Ее слова упали на него, как искра на трут. Он ощутил, как под глазом дернулся мускул.
— Ты сама это сказала. Я — палач, а ты — вёльва. Не забывай этого.
— Ох, поверь, я буду помнить об этом, когда буду иметь тебя на этой кровати.
Дамиан потерял дар речи. Он вытаращился на Авалон, решив, что ослышался.
— Что⁈
Она ответила с невозмутимым видом:
— Мы заключили кровавую сделку, инквизитор. Я помогу тебе добраться до места бойни, а ты возляжешь со мной. Свою часть сделки я выполнила.
Дамиан почувствовал, что попал в ловушку, как храмовая мышь. Ему вдруг показалось, что комната сужается, а горло сжимает невидимая удавка.
— У тебя же была лунная кровь, — просипел он.
— Она закончилась…
— Ты все седло измазала, как течная сука.
Лицо Авалон исказилось от оскорбления. Дамиан не успел отреагировать, когда она вскинула руку и залепила ему пощечину.
— Impotente, — процедила она на трастамарском.
Щека онемела, и через пару секунд налилась болью. Дамиан глубоко вздохнул. Он дал ей паузу, чтобы осознать, что она только что посмела сделать. И когда в ее глазах отразился страх, он перехватил ее руки и завалил на постель, поймав в ловушку собственным телом. Разведя коленом ее ноги, он угрожающе спросил:
— Хочешь проверить? — Свободной рукой он развязал шнурок на штанах. — Ну давай, раз тебе очень хочется. Чтобы ты больше не кидалась такими словами и следила за своим паскудным языком.
— Нет! — просипела вёльва и попыталась свести ноги, но Дамиан сильнее развел их коленом, схватил ее за волосы и потянул их в сторону. Из глаз Авалон покатились слезы, рот искривился от боли.
— Ты никогда не будешь иметь меня, трастамарская потаскуха. Это я отымею тебя, когда решу исполнить свою часть кровавой сделки. И это я решу, когда ее исполнить. Не ты!
Он отпустил ее волосы и выпрямился. Взгляд его упал на длинные шрамы, что уродовали ее нежную кожу на внутренних частях бедер. Какое-то смутно знакомое воспоминание зашевелилось в голове, но по пьяни Дамиан так и не смог за него ухватиться. Отвлекли его звуки сдавленных рыданий. Он посмотрел на Авалон: она отползла к подушкам, сжала колени руками и плакала.
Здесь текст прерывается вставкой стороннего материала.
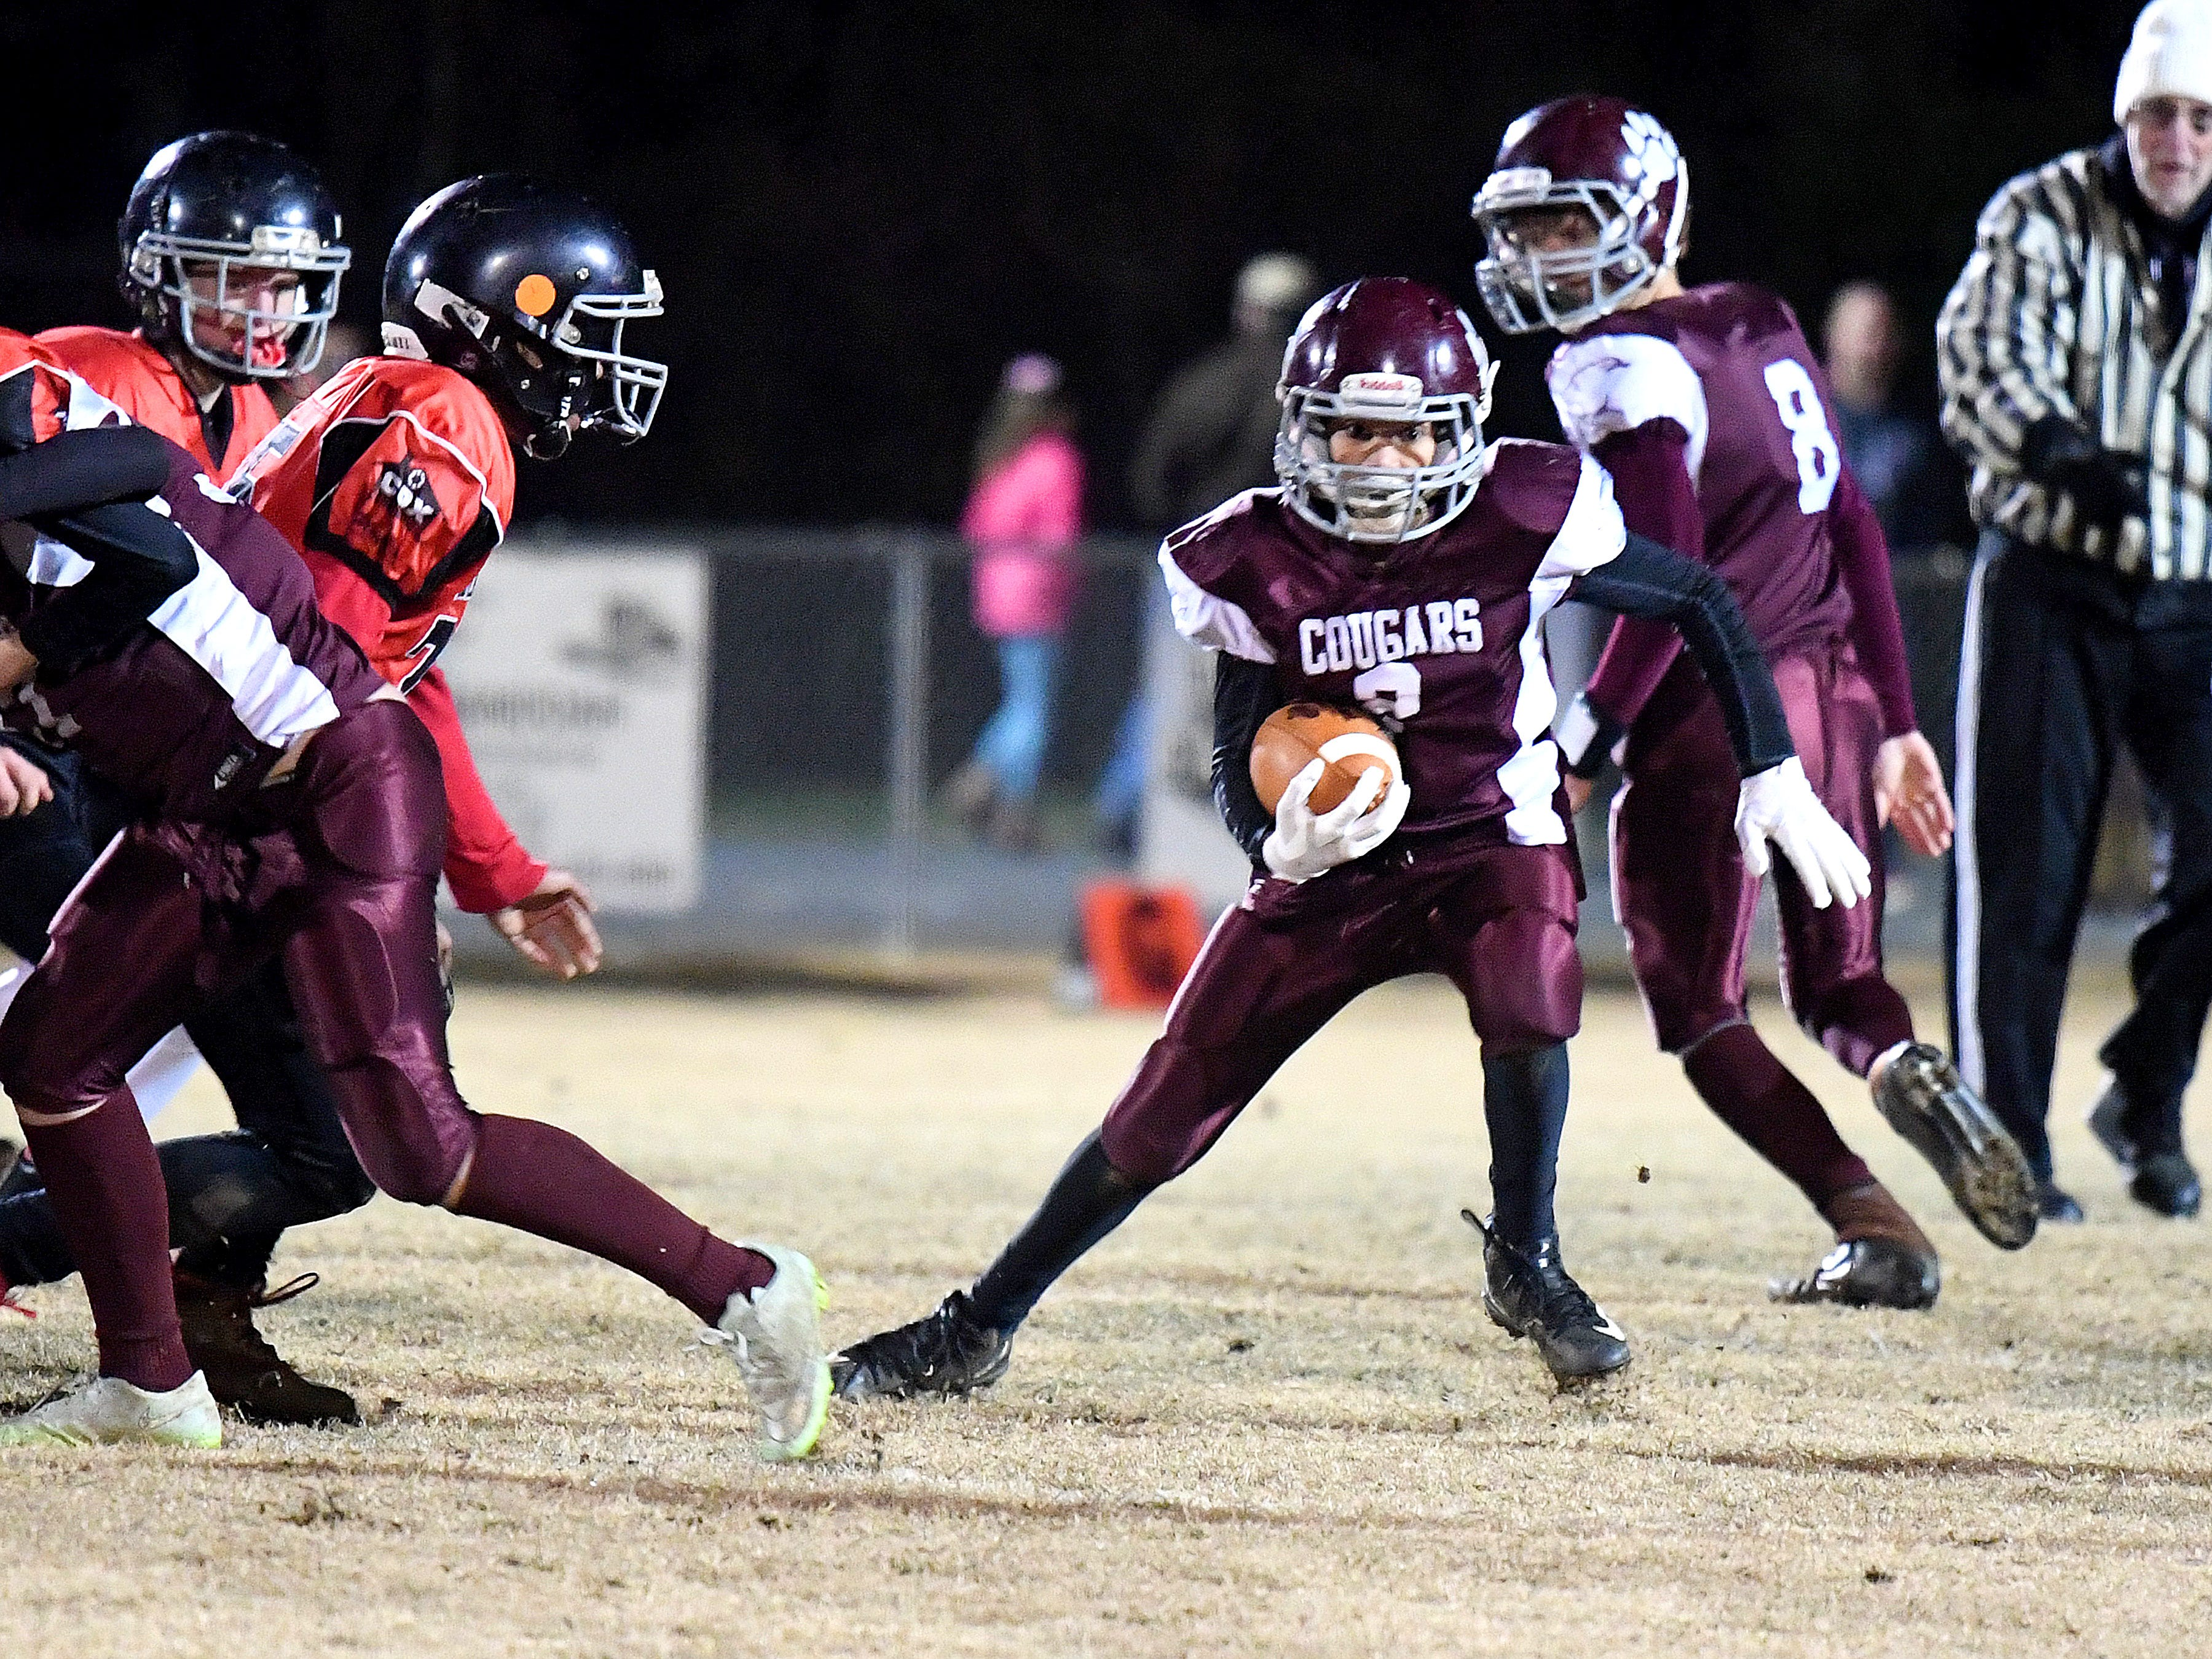 Stuarts Draft's Andre Ellis runs the football during the Augusta County Quarterback Club Seniors Super Bowl in Fishersville on Sunday, Nov. 11, 2018.  RIverheads defeats Stuarts Draft, 38-6.

Волосы частично скрывали ее наготу.
Дамиан почувствовал себя чудовищем. Это было что-то новое. И предельно неприятное. Он хотел выдавить из себя слова извинения и сказать, что не собирался брать ее силой, когда почувствовал что-то мокрое на лице. Он смахнул внезапно выступившие слезы, но, когда бросил взгляд на пальцы, увидел на них кровь.